Evaluate the intgral $\int{\frac{dx}{x^2(1-x^2)}}$ (solution verification) I have to solve the following integral
$$\int{\frac{dx}{x^2(1-x^2)}}$$
What I've got:
\begin{split}
\int{\frac{dx}{x^2(1-x^2)}} &=\int{\frac{(1-x^2+x^2)dx}{x^2(1-x^2)}}\\
&=\int{\frac{dx}{x^2}}+\int{\frac{dx}{1-x^2}}\\
&=\int{\frac{dx}{x^2}}+\int{\frac{dx}{(1+(xi)^2)}}\\
&=-x^{-1}+\arctan{xi}+C
\end{split}
Is this correct?
Thanks in advance!
 A: Are you sure that a non-real answer is acceptable? Even if it is, what you should have got as a primitive of $\frac1{1-x^2}$ should have been $-i\arctan(xi)$. But I suggest that you do$$\frac1{1-x^2}=\frac{1/2}{1-x}+\frac{1/2}{1+x}$$instead.
A: Don't forget $\dfrac1i$ before $\arctan$
$$\int{\frac{dx}{x^2(1-x^2)}}=-x^{-1}+\dfrac{1}{i}\arctan{xi}+C$$
Also better to write
$$\int\dfrac{1}{1-x^2}dx=\dfrac12\ln\dfrac{1+x}{1-x}+C$$
A: $x = \tanh(u)$ then $dx = \operatorname{sech}^2(u) du$
$$
\begin{align}
\int \frac{dx}{x^2(1-x^2)}
&= \int \frac{\operatorname{sech}^2(u) du}{\tanh^2(u)(1-\tanh^2(u))}\\
&= \int \frac{\operatorname{sech}^2(u) du}{\tanh^2(u)(\operatorname{sech}^2(u))}\\
&= \int \frac{du}{\tanh^2(u)}\\
&= \int \frac{\cosh^2(u)}{\sinh^2(u)} du\\
&= \int (1 + \operatorname{csch}^2(u))du\\
&= u - \coth(u)\\
&= \operatorname{arctanh}(x) - \frac{1}{x} + C
\end{align}
$$
A: Note that, if $f(x)=\arctan(xi)$, then
$$
f'(x)=i\frac{1}{1+(xi)^2}=\frac{i}{1-x^2}
$$
that's not the required derivative; you are missing $1/i=-i$, so you could write
$$
-\frac{1}{x}-i\arctan(xi)
$$

I'd prefer to avoid complex functions.
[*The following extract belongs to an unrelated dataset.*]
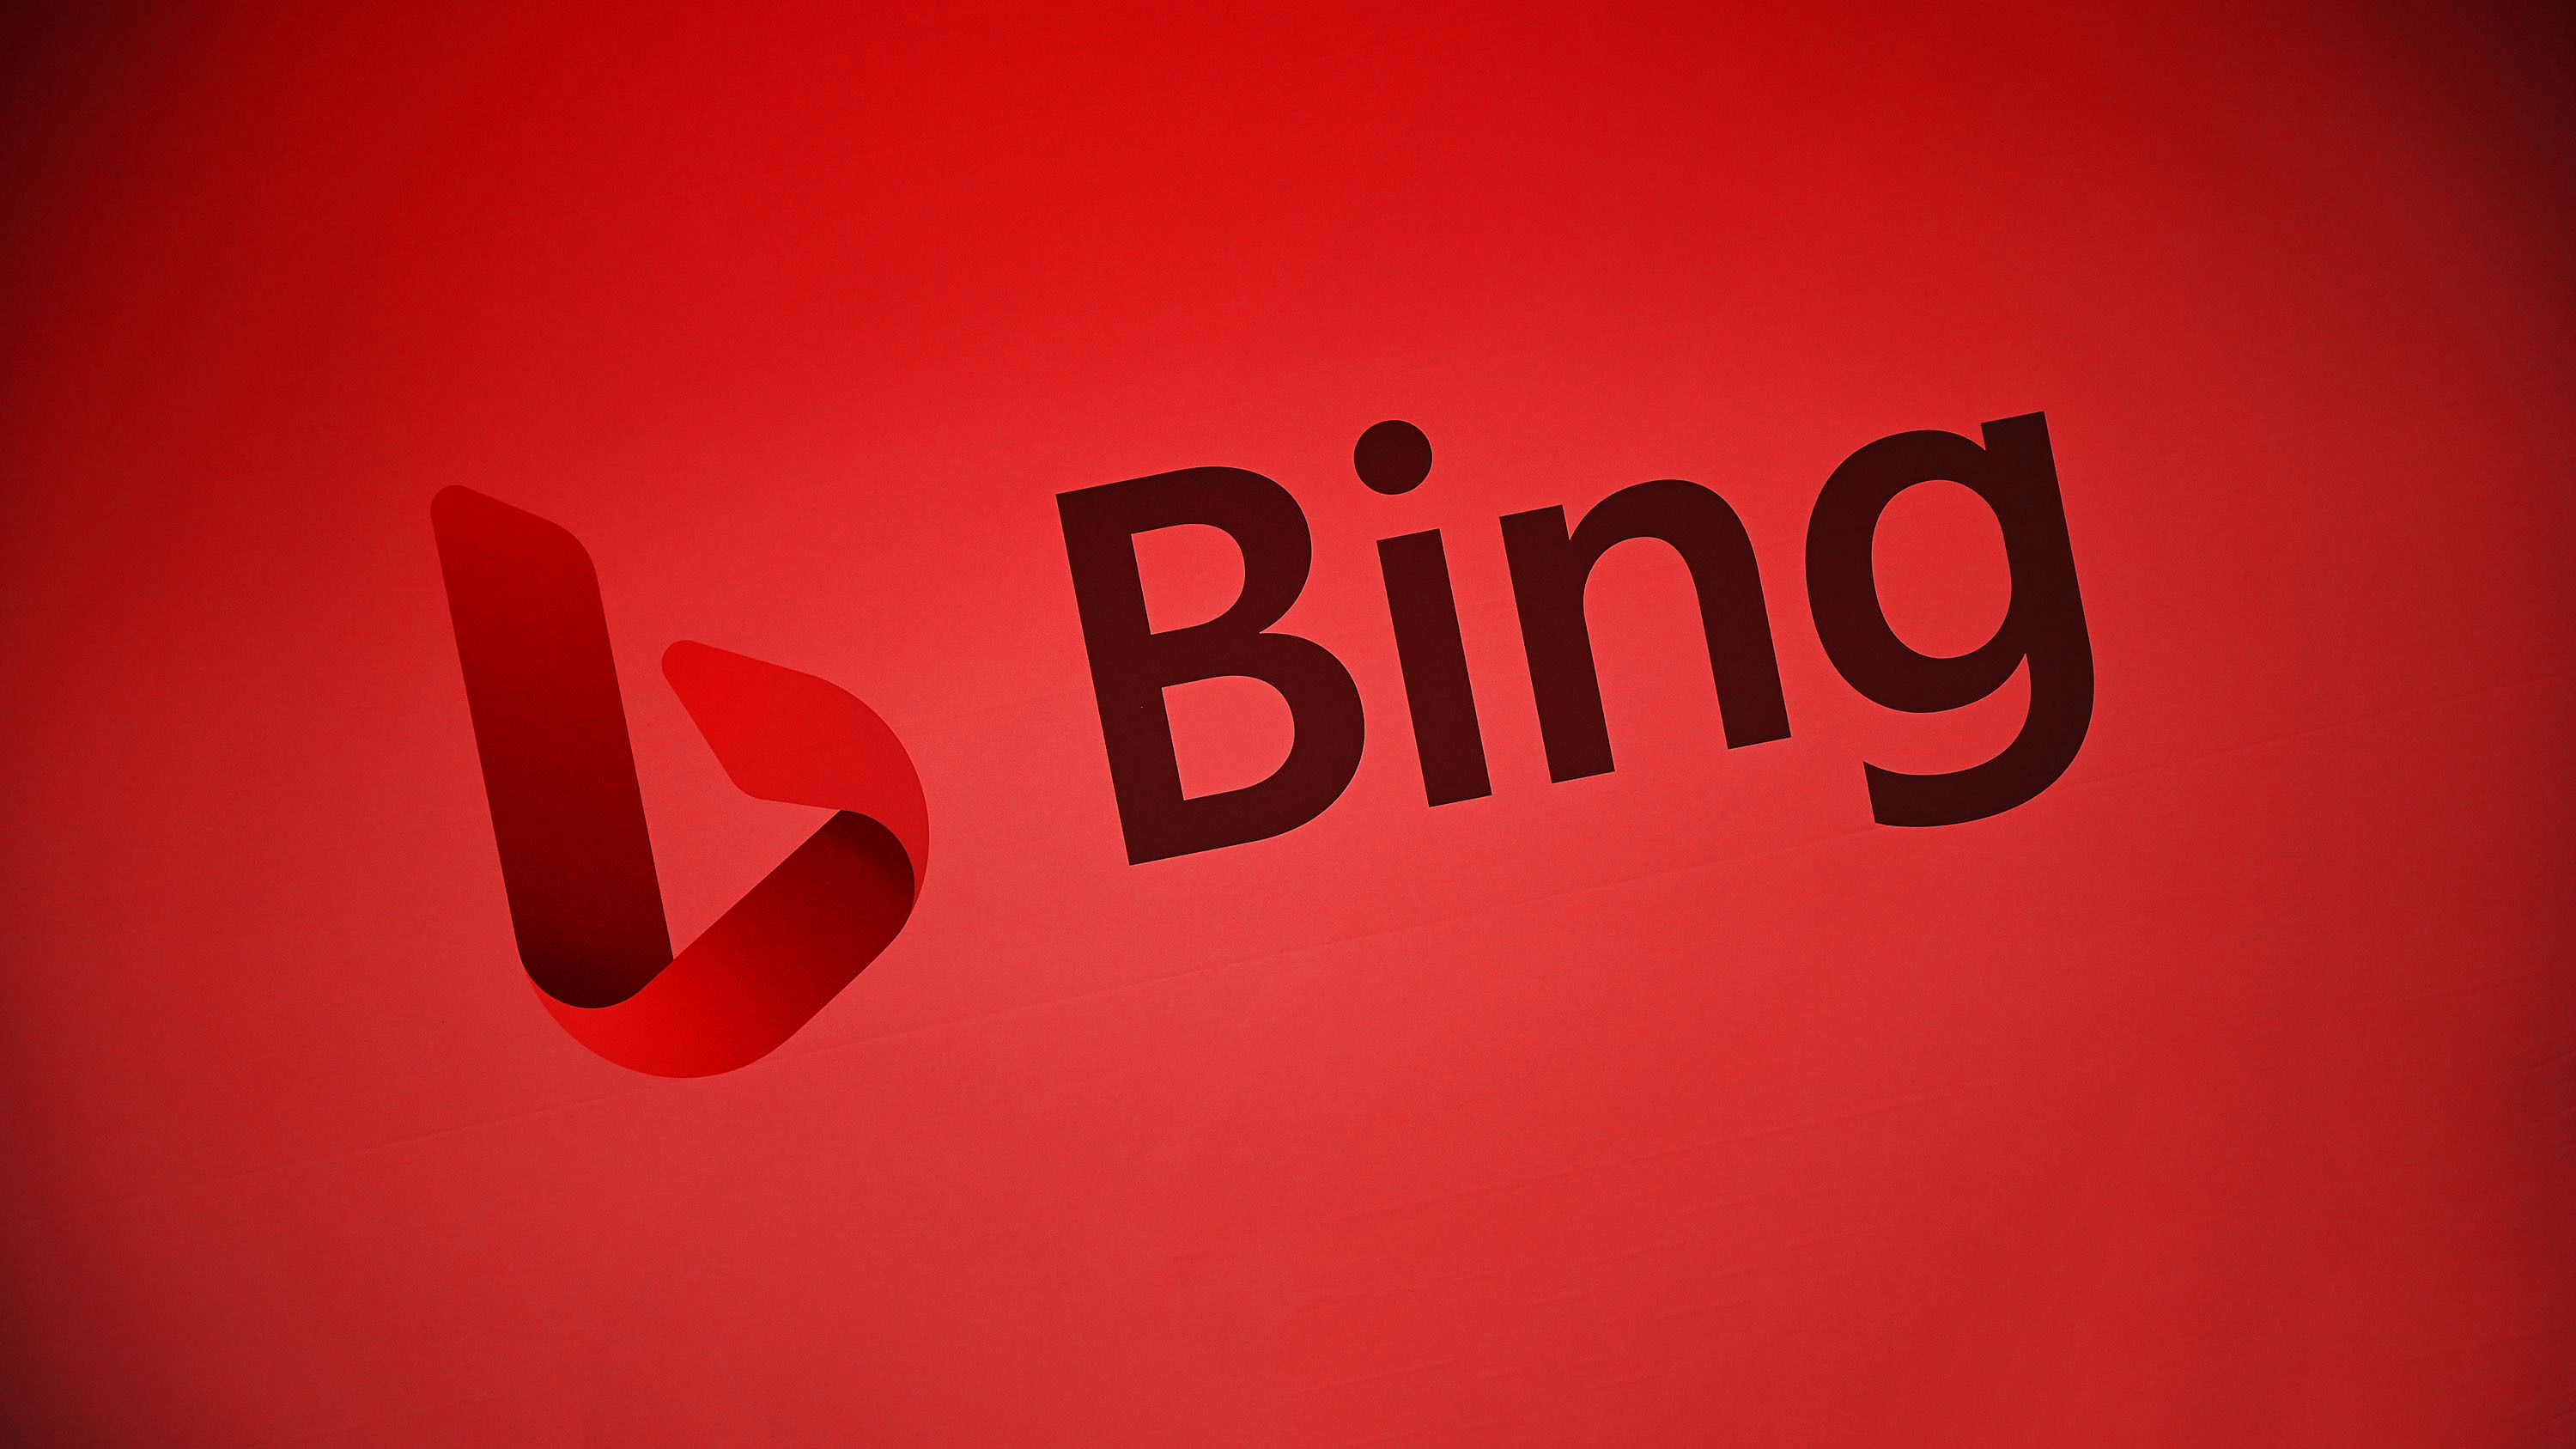 Microsoft CEO'su Satya Nadella, Google'ın Bing'e adil davranmadığını söylüyor - Dünyadan Güncel Teknoloji Haberleri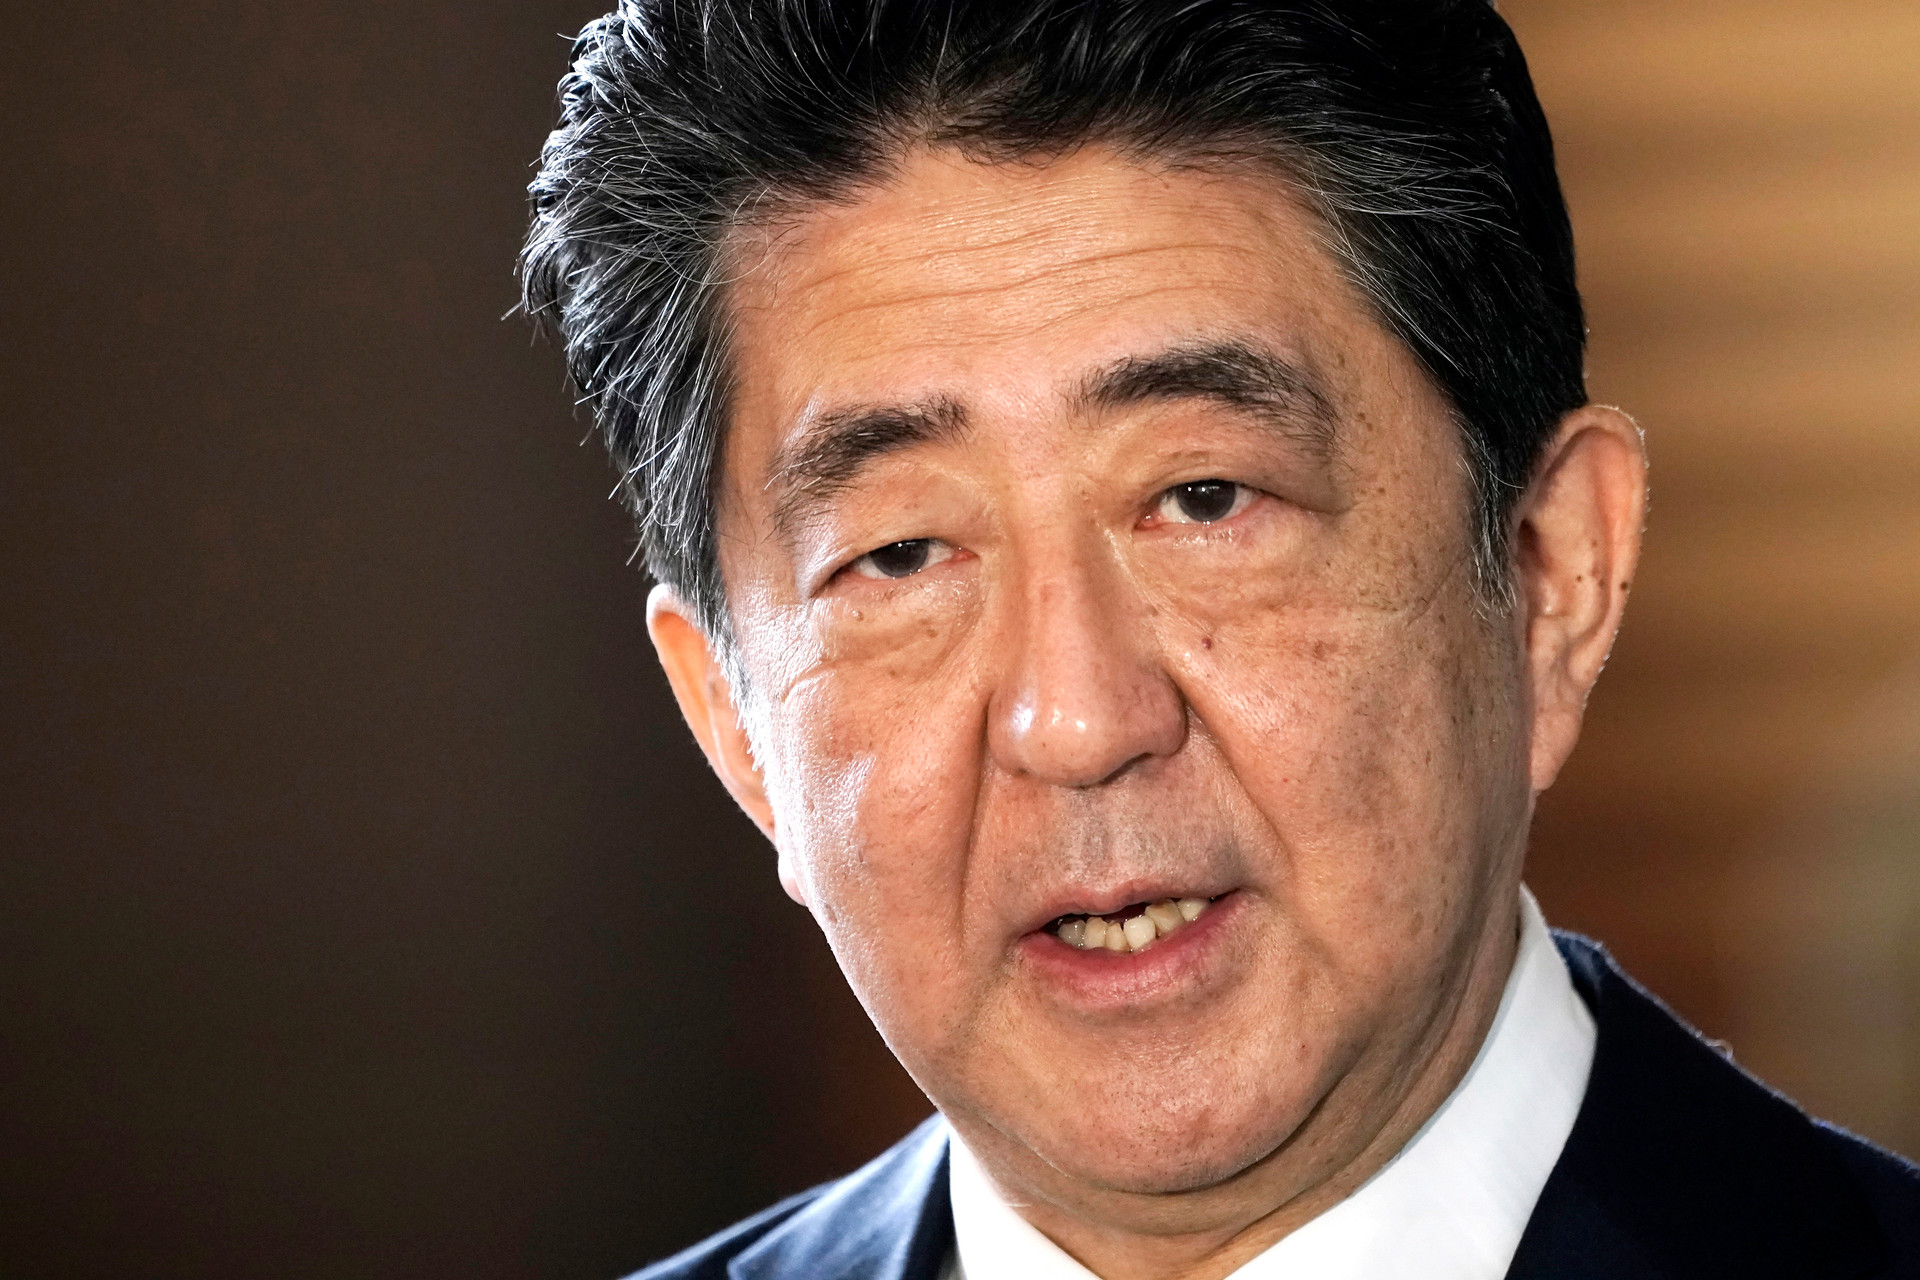 Cựu thủ tướng Abe Shinzo đã qua đời sau khi bị bắn - Ảnh 1.

With partial fractions, we set
$$
\frac{1}{x^2(1-x)^2}=
\frac{a}{x}+\frac{b}{x^2}+\frac{c}{x-1}+\frac{d}{x+1}
$$
Removing the denominators leads to
$$
ax(x^2-1)+b(x^2-1)+cx^2(x+1)+dx^2(x-1)=-1
$$
With $x=0$, we get $-b=-1$; with $x=1$, we get $2c=-1$; with $x=-1$ we get $-2d=-1$. It remains to find $a$, but this is easily seen to be $0$.
Therefore
$$
\int\frac{1}{x^2(1-x^2)}\,dx=
\int\left(
  \frac{1}{x^2}-\frac{1}{2}\frac{1}{x-1}+\frac{1}{2}\frac{1}{x+1}
\right)\,dx=-\frac{1}{x}+\frac{1}{2}\log\left|\frac{x+1}{x-1}\right|+c
$$
A: Another method using  the self-similar substitution
$$x=\frac{1-t}{1+t}$$  
transforms the integral to
$$-\int{\frac{2}{{{\left( t-1 \right)}^{2}}}+\frac{1}{2t}dt}$$